New Delhi, July 4 Alleging that private passenger trains will start operating within 100 days, the CPI-M has come out strongly against what it says is the government’s planned privatisation of Indian Railways.
“The Modi government’s second coming is going to be marked by a stepped up privatisation drive. Already the Niti Aayog has announced that 46 public sector enterprises will be sold off or shut down as per a 100 day action plan,” said an editorial in CPI-M journal “People’s Democracy”.
The heart of this privatisation drive will be the Indian Railways, it said.
According to an action plan proposed by the Railway Ministry, private passenger trains will be operated within 100 days, said the editorial.
Two passenger trains will be offered to Indian Railway Catering and Tourism Corp (IRCTC), a subsidiary of the railways to provide ticketing and onboard services. These trains will be run on important routes like the Golden Quadrilateral connecting major cities, it said.
“The government wants to hand over the running of premier trains, including the Rajdhani and Shatabdi Express trains, to private operators for which tenders would be floated this year itself.

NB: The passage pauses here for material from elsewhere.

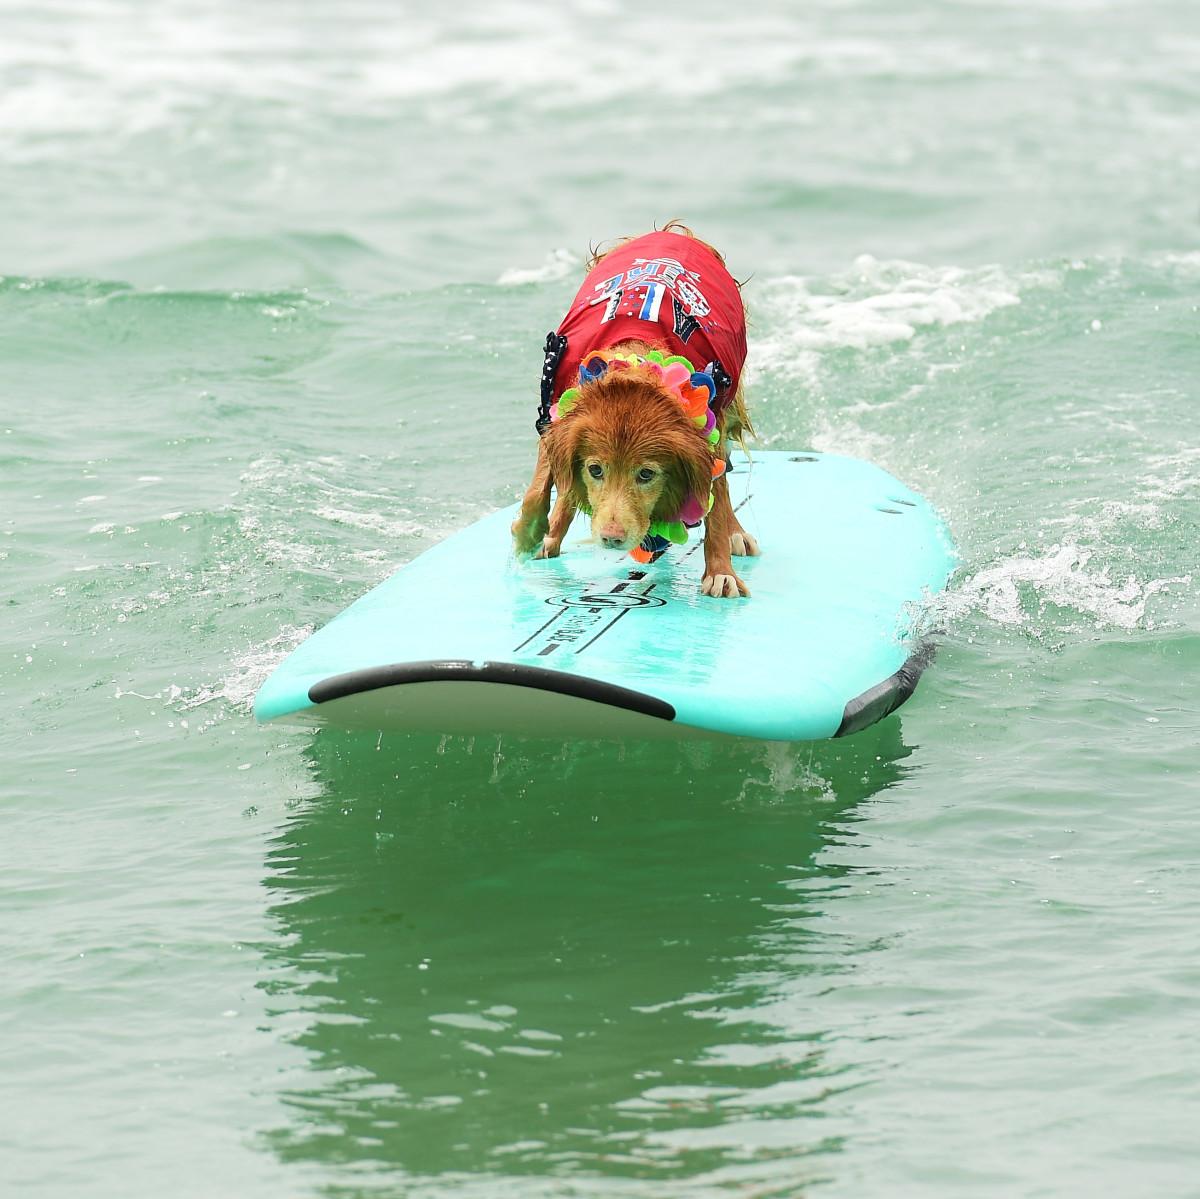 Surfing_Dog_Gallery_002.jpg

“The trains to metropolitan cities and premier routes, which are more profitable, will be given to the private sector. This would imply also higher railway fares and cutting the subsidies given by the government,” the CPI-M said.
Now the proposal is for the seven production units and associated workshops to be hived off from the Indian Railways and brought under a separate company, it said.
“This would be the first step towards privatisation and will pave the way for outsourcing production to private companies.”
The Indian Railways has a network covering 69,182 km. It carries millions to all corners of India.
The editorial said: “The Indian Railways should not be privatized.”